# Lumpy Brew



## govorko1974 (26/6/10)

Hi all,
Am new to brewing and have only put down a couple of brews with no problems. Purchased coopers pale ale and brew enhancer 2 to try. added my can to boiling water in fermenter but when i put b/e2 in it went lumpy..dont know if it was lumpy in the bag or not. stirred around for 10mins and tried to get rid of all lumps..thought i had but know i look at brew in fermenter and i can see down the bottom that there are still small lumps, so is hasnt disolved all the b/e 2. Was wanting to know if my brew will be ok or if i should just tip it out and start again. any advice would be great
matt


----------



## manticle (26/6/10)

It will eventually dissolve. In future, if you are worried, you can use a whisk.

Add water to a clean stainless steel bowl, pour in be 2 and whisk as you go till all lumps are gone. It doesn't really matter - over fermentation time the yeast will find it and eat what they can.


----------



## Kevman (26/6/10)

That happened the first time I used BE2. It didn't seem to affect the beer and there wasn't any lumps in the trub.

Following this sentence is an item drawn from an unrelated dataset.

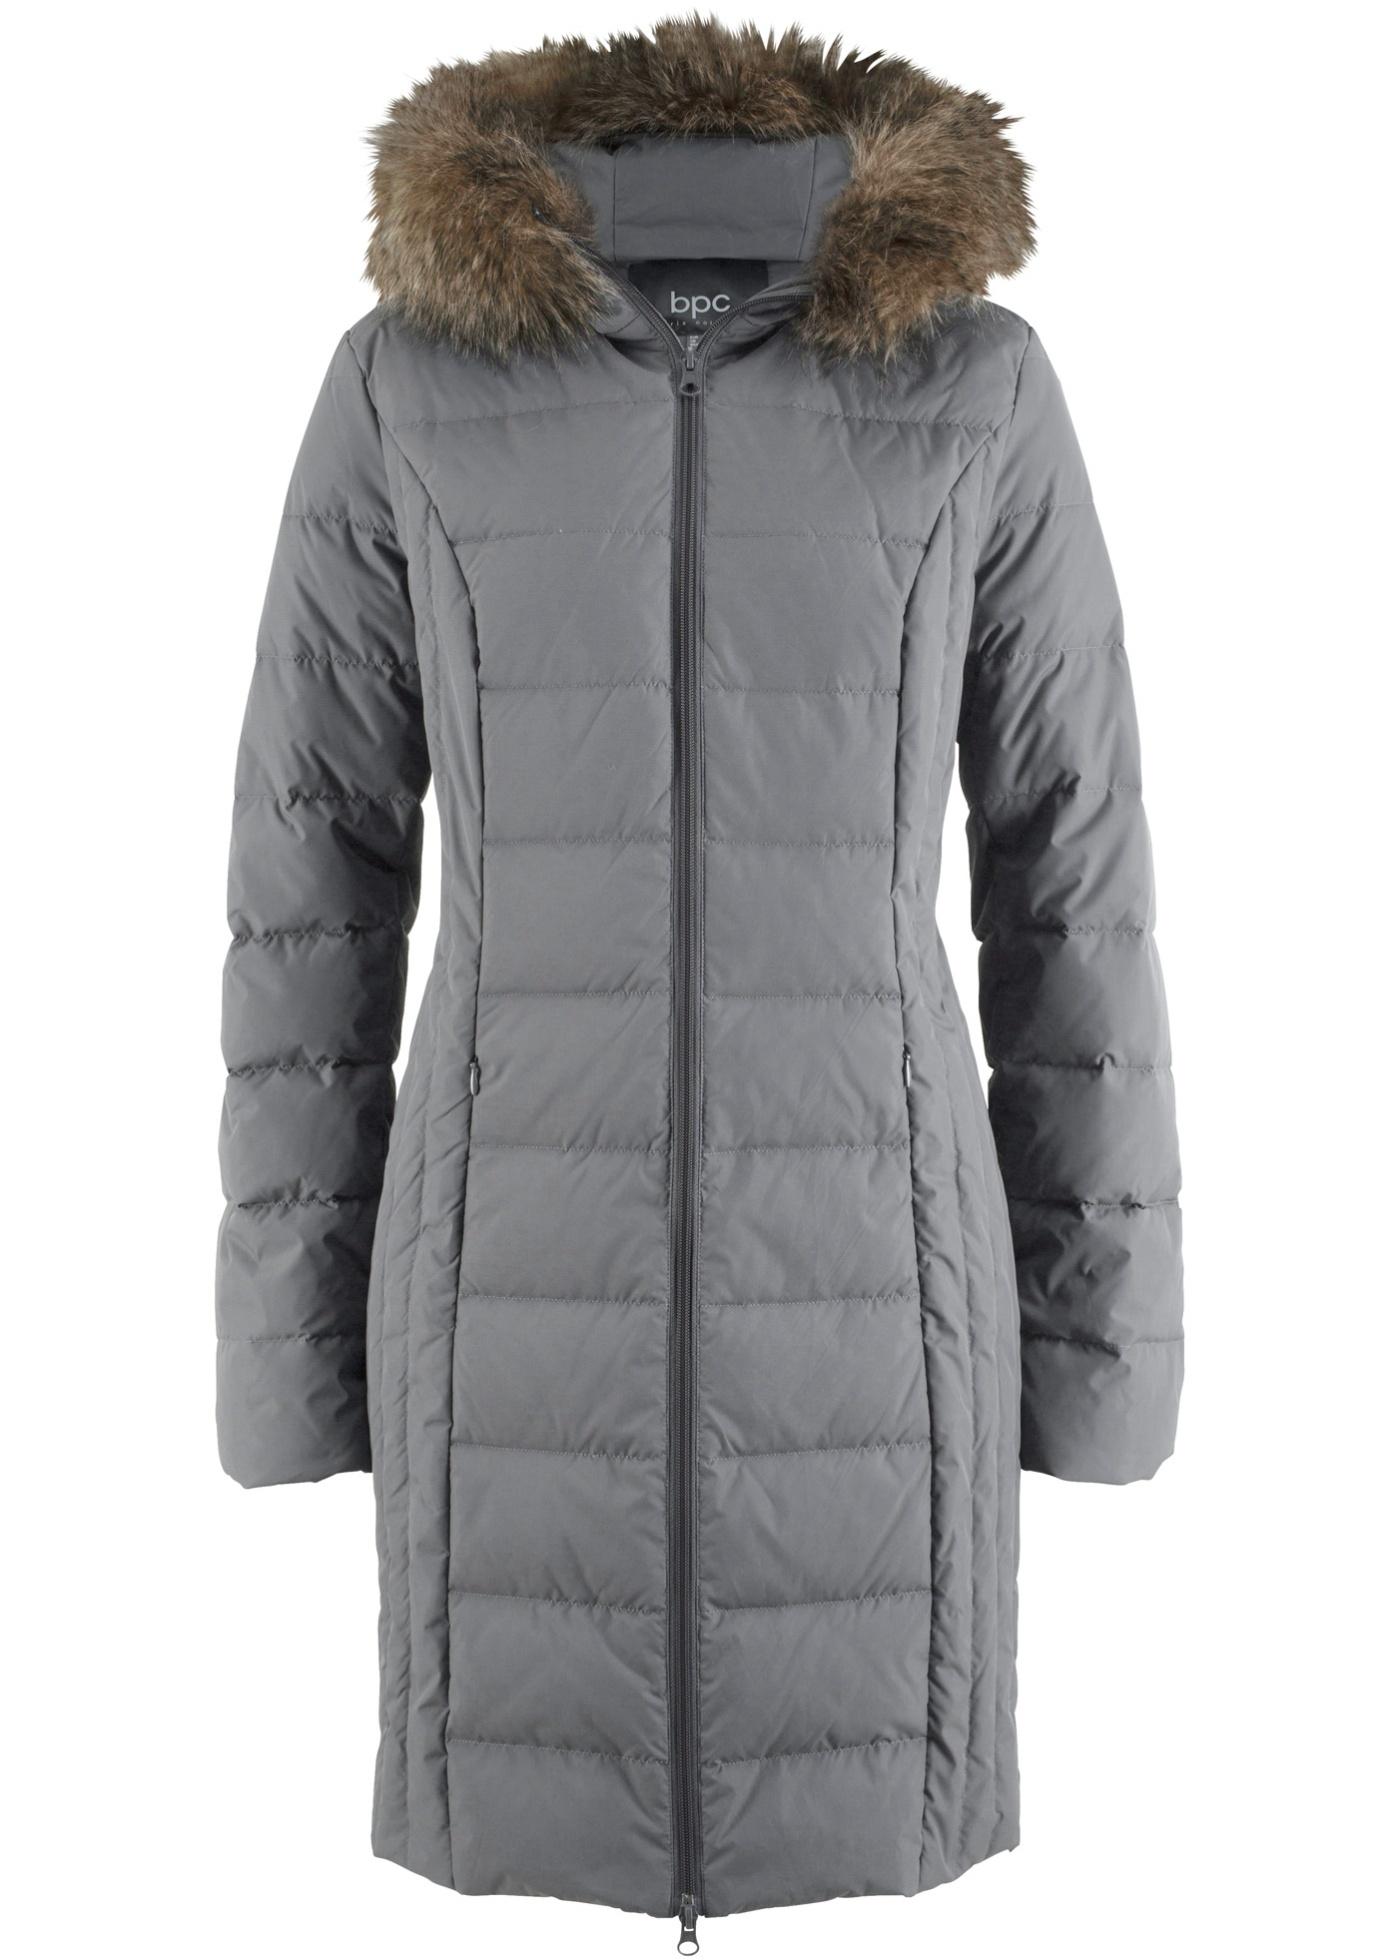 Prošívaný péřový kabát - Šedá

Now if I'm using it I put it in the fermenter first and then a litre of boiling water. Give the fermenter a swirl for 15 - 20 seconds and it should be pretty much disolved. Then just proceed as normal.


----------



## govorko1974 (27/6/10)

Thanks for the answers guys, shall see how it turns out, looks like i'll be swirling the fermenter next time or mixing it in a bowl before adding. should of done a bit more research on here before i used it and i wouldn't of had the problem.


----------



## Clownfish (30/6/10)

My experience is that this happens when you add too much to the water too quickly. Put the water in first, then add dextrose/malt etc in small batches as you stir. Then add the can.


----------



## bradsbrew (30/6/10)

When I used to use Dry Malt Extract I found that adding the DME to *cold water *it no longer clumped. I would then add the can and rinse the can with boiling water a couple of times...........no lumps.

Cheers


----------



## govorko1974 (19/7/10)

Gidday all,


have just tried the lumpy brew...been in bottle 2 weeks and compared to my first brew(Morgans Oz Lager) at 2 weeks is a hell of alot nicer, am really looking foward to trying it again in a couple of weeks time as the oz lager is at least drinkable now..am going to put down another cpa but this time i might try and add some hops, was wondering what the best one would be, am hooked with the brew bug after only 2 brews....
cheers all 
matt


----------



## mccuaigm (19/7/10)

bradsbrew said:


> When I used to use Dry Malt Extract I found that adding the DME to *cold water *it no longer clumped. I would then add the can and rinse the can with boiling water a couple of times...........no lumps.
> 
> Cheers



As Brad says, I found exactly the same. Cold water, no clumpies :icon_cheers:


----------